In his down-town dwelling nested at the foothills of the Kohi-e-Maran, Kashmir’s noted chronicler Zareef Ahmad Zareef calls the old city as an active arena of some larger-than-life games. Sporting his signature karakul cap and neatly-trimmed beard, Zareef defines these games a normalcy life-cycle for Kashmiris. “Unlike the screen games now,” he says, “those games would make our children realistic and robust.”

Among those games played in the old city of yore was Tule’langun. Young girls would gather in their neighbourhood parks or playfields and take turns to lift each other on their back and play a literal seesaw. Upon lifting, a player would chant, “Tule’langun?” The other would reply: “Tulaan chas…” The play would instil a sense of collective work-sharing spirit and make kids aware of life’s precarious reality.

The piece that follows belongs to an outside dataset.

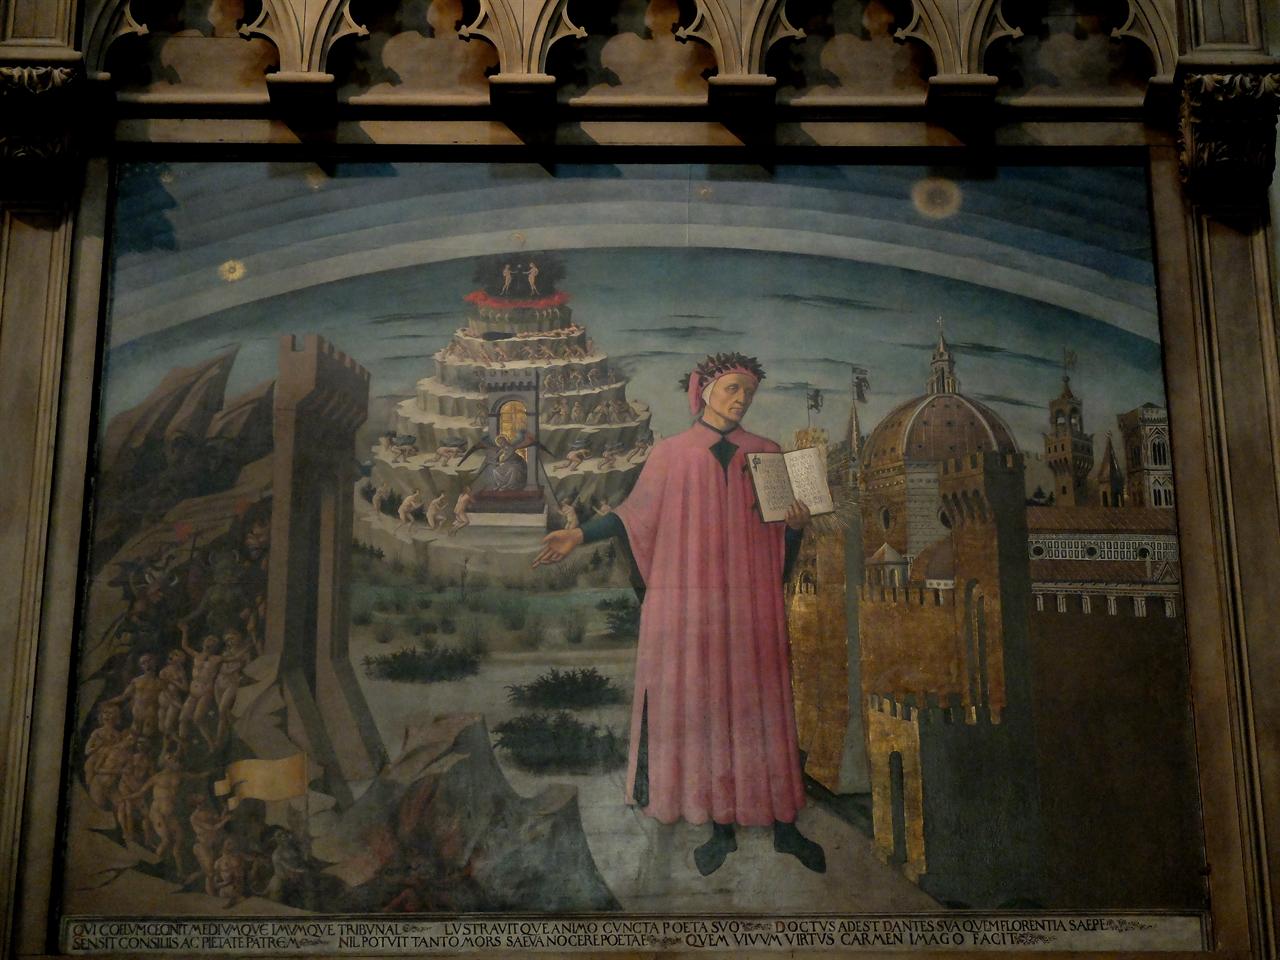 단테와 신곡 도메니코 디 미켈리노 '단테와 신곡', 피렌체, 산타 마리아 델 피오레 성당. 자신은 볼 수 없었던 15세기 피렌체의 두오모를 배경으로 신곡을 들고 있는 단테의 모습입니다.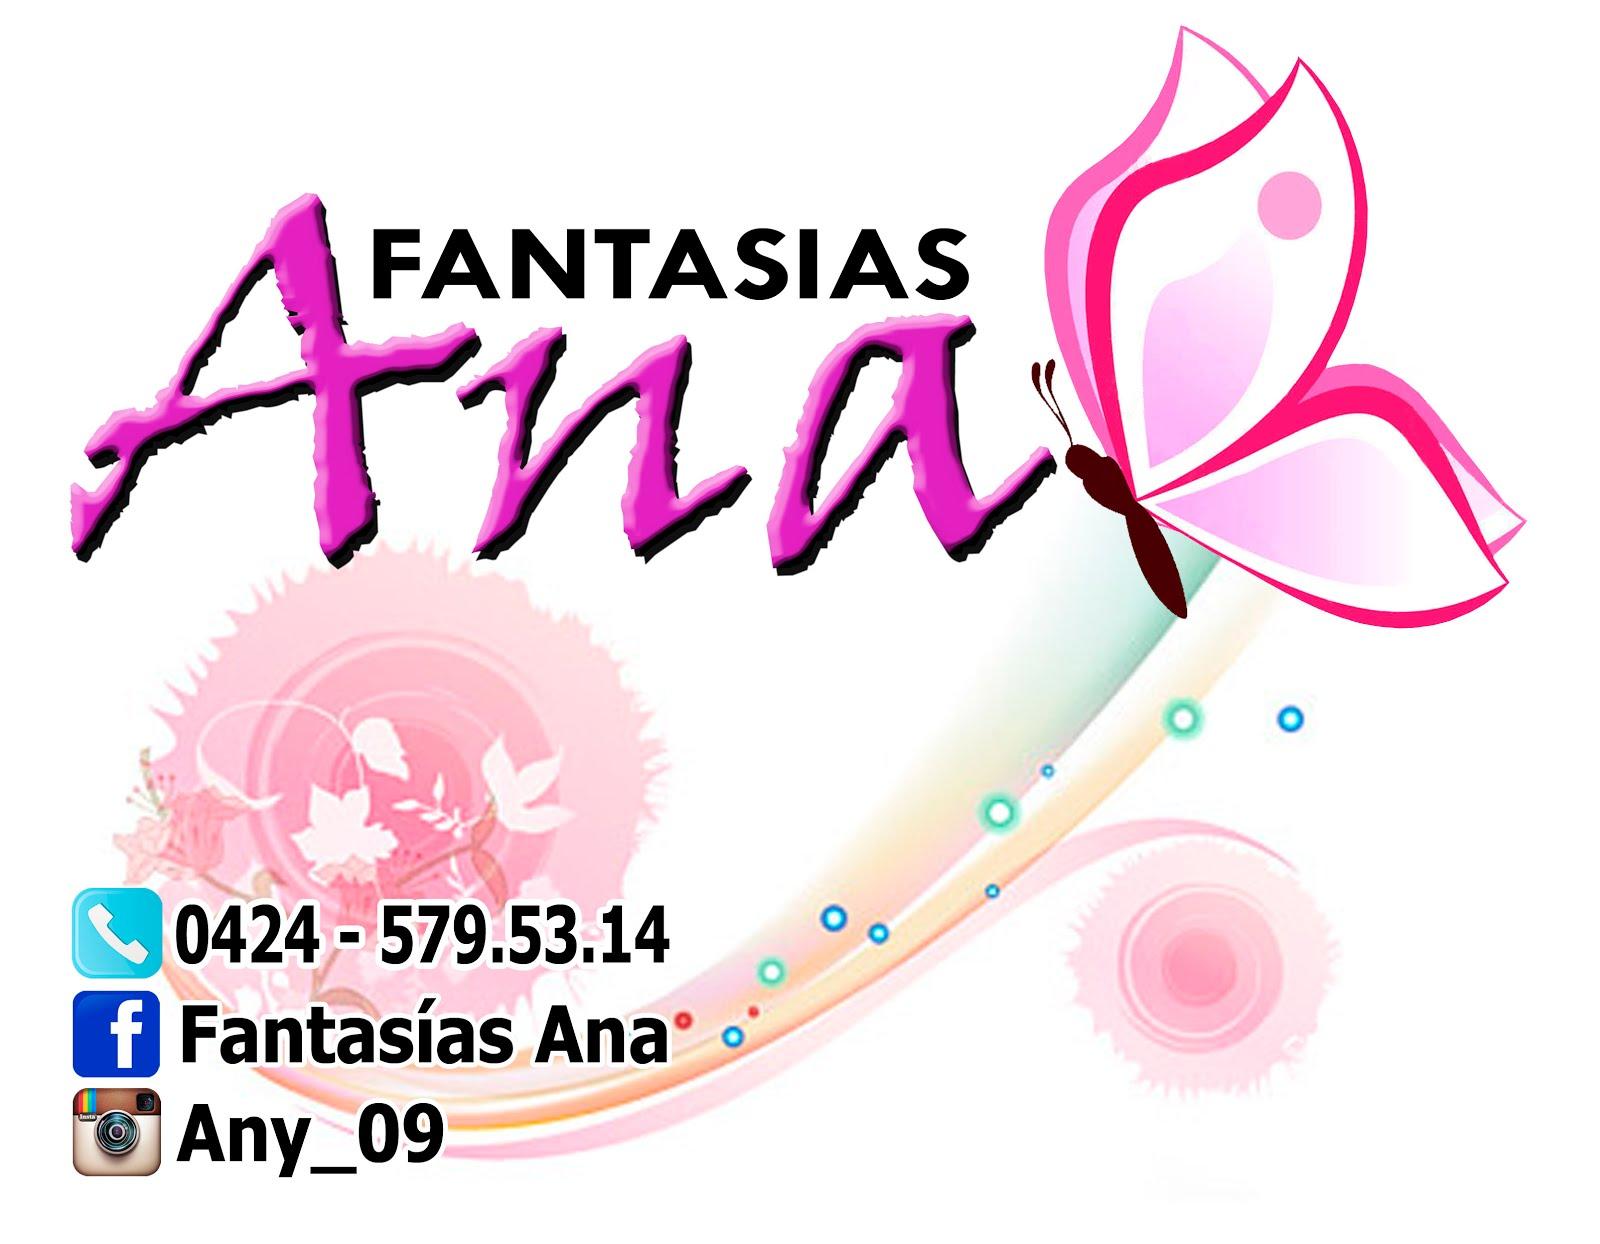 Fantasias Ana

[FPK Photo/Amir Bin Rafi.]

Back then, as the situation turned traumatic in Kashmir, some of these plays became living-room fixtures. It used to kill boredom and break the situation-hit routine. Okus-Bukus became a regular play in this new normal—bringing conflict-confined kids together for a playful act. These kids created commotion at about the same time when sparrow roastings and crow departures would signal sundown.

Some of these games would also make these kids nimble-footed. In Tcour Kaar, the kids would scream and create a melee. It was a mock drill of catching thieves on the spur of the moment. “The kid acting as a thief would be then produced before cops and a judge being played by other children,” Zareef says. “The play would itself make kids conscious of roles and laws governing the society.”

One of these plays played in the old city circuit was Zang Taar. The play of rope-and-cross would strengthen reflexes in children. But among all these games, Iram misses Hikkat—huddle—the most.

As a preteen, she would arrive in the abandoned house of her hometown and participate in the play. But 25 years later, the deadly silence has overtaken the courtyard that once resonated with lively voices and vibes. Most of her childhood friends have long left the place. Many old structures are now housing new inmates.

But amid these shifting sands, Iram continues to visit her birthplace as a cultural pilgrim. “I know, I’m not the only one,” she says about her old city ode. “There are many cultural pilgrims like me who often return to their roots to feel some playful past.”